Blair Acton Burrows (1884-1985) was born in Winnipeg, Manitoba.

She was the daughter of Helen Blair Sevigny and Acton Burrows, Minister of Agriculture for Manitoba. When Ms. Burrows was 11 her family moved to Toronto where she lived until 1948.

Blair Acton Burrows was an avid sportswoman who golfed, skied and skated in many shows at the Toronto Skating Club. She was one of the first women in Toronto to drive a car. In her late 30s she traveled to New York to study design and, in so doing, gained some financial independence.

== The Mud House ==
At the age of 50 she bought a property in the Township of King with the intention of building a house using only local materials. She researched the ancient technique of Pisé de Terre, or rammed earth method, for a year prior to starting construction in 1937. The house was built by just a carpenter and two unskilled students, using only local materials and without cutting a tree. At the time of construction, it was the first “rammed earth” house in Canada, and remains the only example of this construction method in the Township of King, and one of the few in Canada.

The 'Mud' House features a stone foundation, stone chimney, steep roof, a metal weather wane in the shape of a dog (supposedly based on Miss Burrows's own pet), wrought iron hinges, and is naturally fire retardant and bug resistant.
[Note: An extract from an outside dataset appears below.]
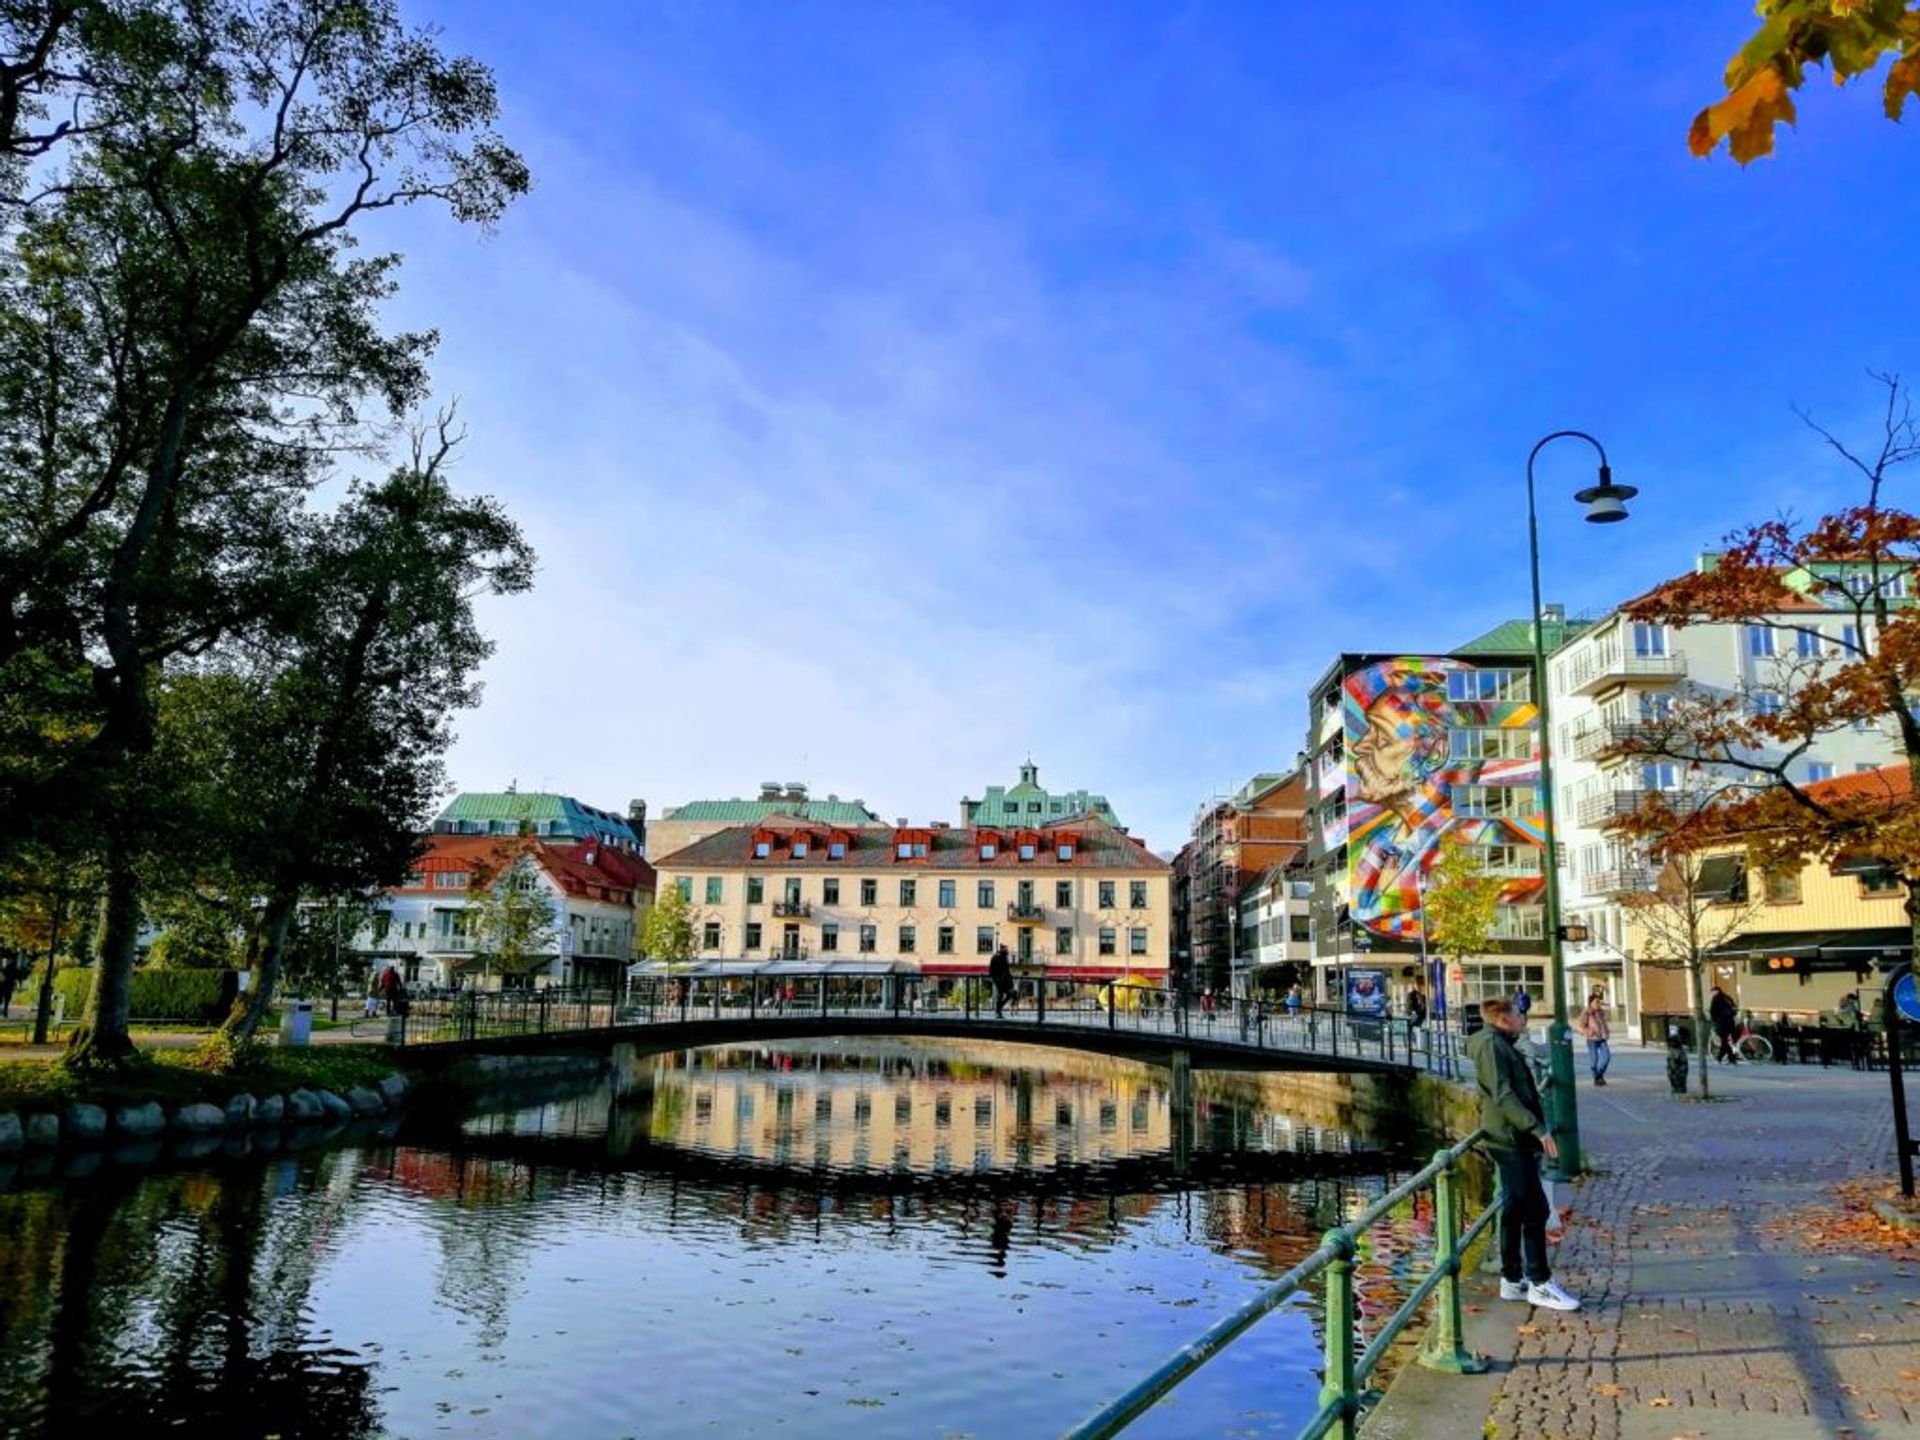 Colourful buildings beside a river.

The house has come to be known as the 'Mud' House. She wrote "Building with Mud, Rammed Earth or Pisé de Terre" (Ontario Department of Lands and Forests, Toronto, Canada, 46 pages, n.d.).

Blair Burrows lived in the Mud House until she was ninety years old. During her years there she took up country pursuits and became adept at gardening and planted hundreds of trees on her property. She learned to make homemade hams, relishes and birch sap wine. She sewed, knitted and hooked rugs and was one of the early members of the collective Kingcrafts. She designed and helped embroider the alter cloths for All Saints' Church in King City.

In 2009 was "listed" on King's heritage registry, which means it was recognized as having architectural, historic or cultural features of merit but that the owner is not restricted to how they might want to renovate their house.